Model Quantization
Overview
MindSpore is an all-scenario AI framework. When a model is deployed on the device or other lightweight devices, it may be subject to memory, power consumption, and latency. Therefore, the model needs to be compressed before deployment.
MindSpore Golden Stick provides the model compression capability of MindSpore. MindSpore Golden Stick is a set of model compression algorithms jointly designed and developed by Huawei Noah's Ark team and Huawei MindSpore team. It provides a series of model compression algorithms for MindSpore, supporting quantization modes such as A16W8, A16W4, A8W8, and KVCache. For details, see MindSpore Golden Stick.

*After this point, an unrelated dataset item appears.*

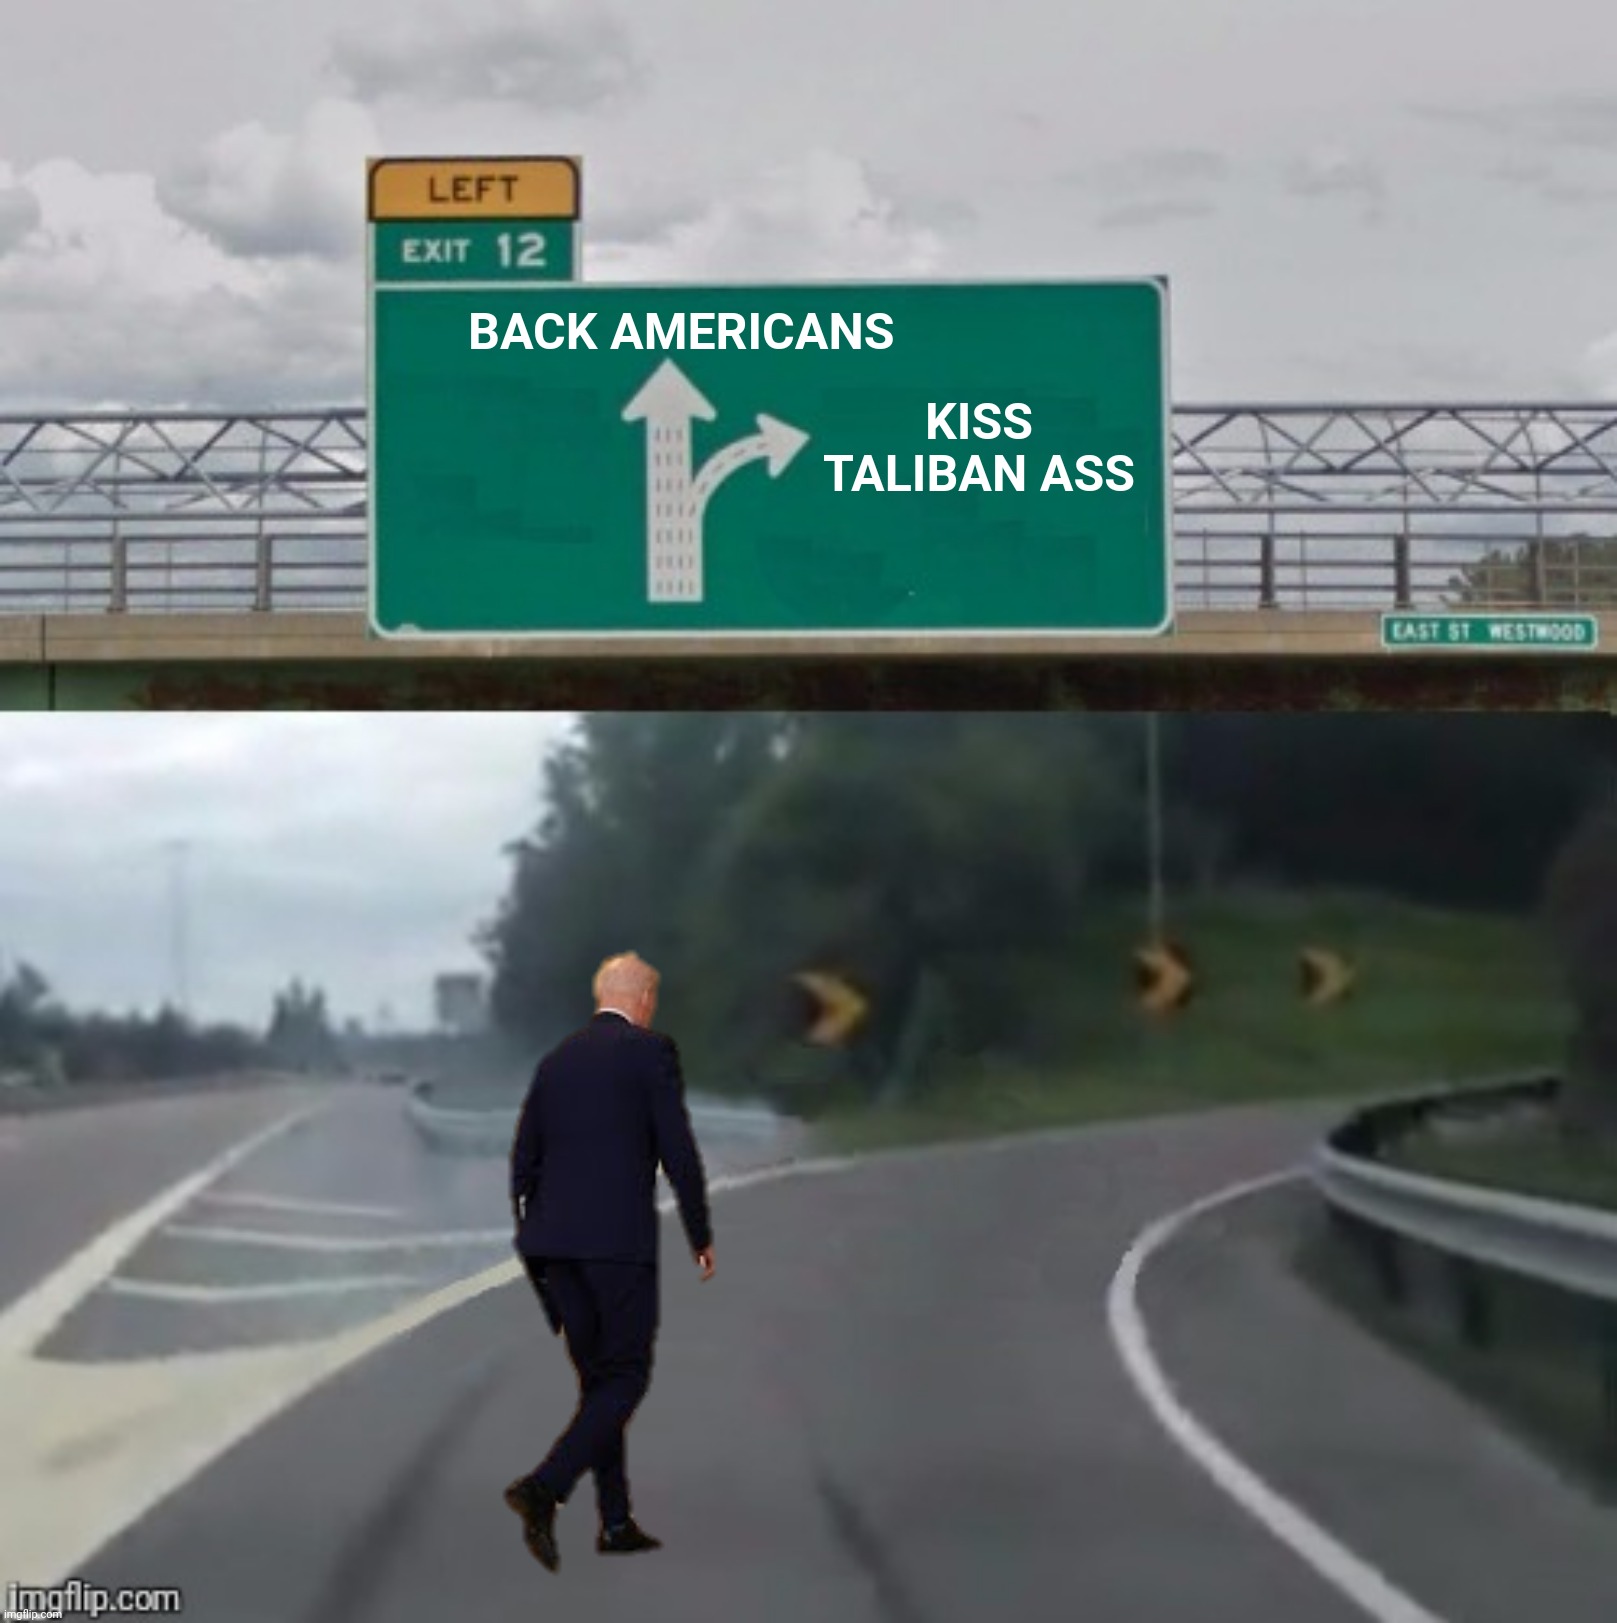 Leading with your behind | KISS TALIBAN ASS; BACK AMERICANS | image tagged in bad photoshop,joe biden,left exit 12 off ramp,afghanistan,taliban | made w/ Imgflip meme maker

Basic Model Quantization Process
To help you understand the basic model quantization process of MindSpore Golden Stick, this section uses the quantization algorithm as an example to describe the basic usage.
Procedure
The MindSpore Golden Stick quantization algorithm can be divided into two phases: quantization phase and deployment phase. The quantization phase is completed before deployment. The main tasks are as follows: collecting weight distribution, computing quantization parameters, quantizing weight data, and inserting dequantization nodes. The deployment phase refers to the process of using the MindSpore framework to perform inference on the quantized model in the production environment.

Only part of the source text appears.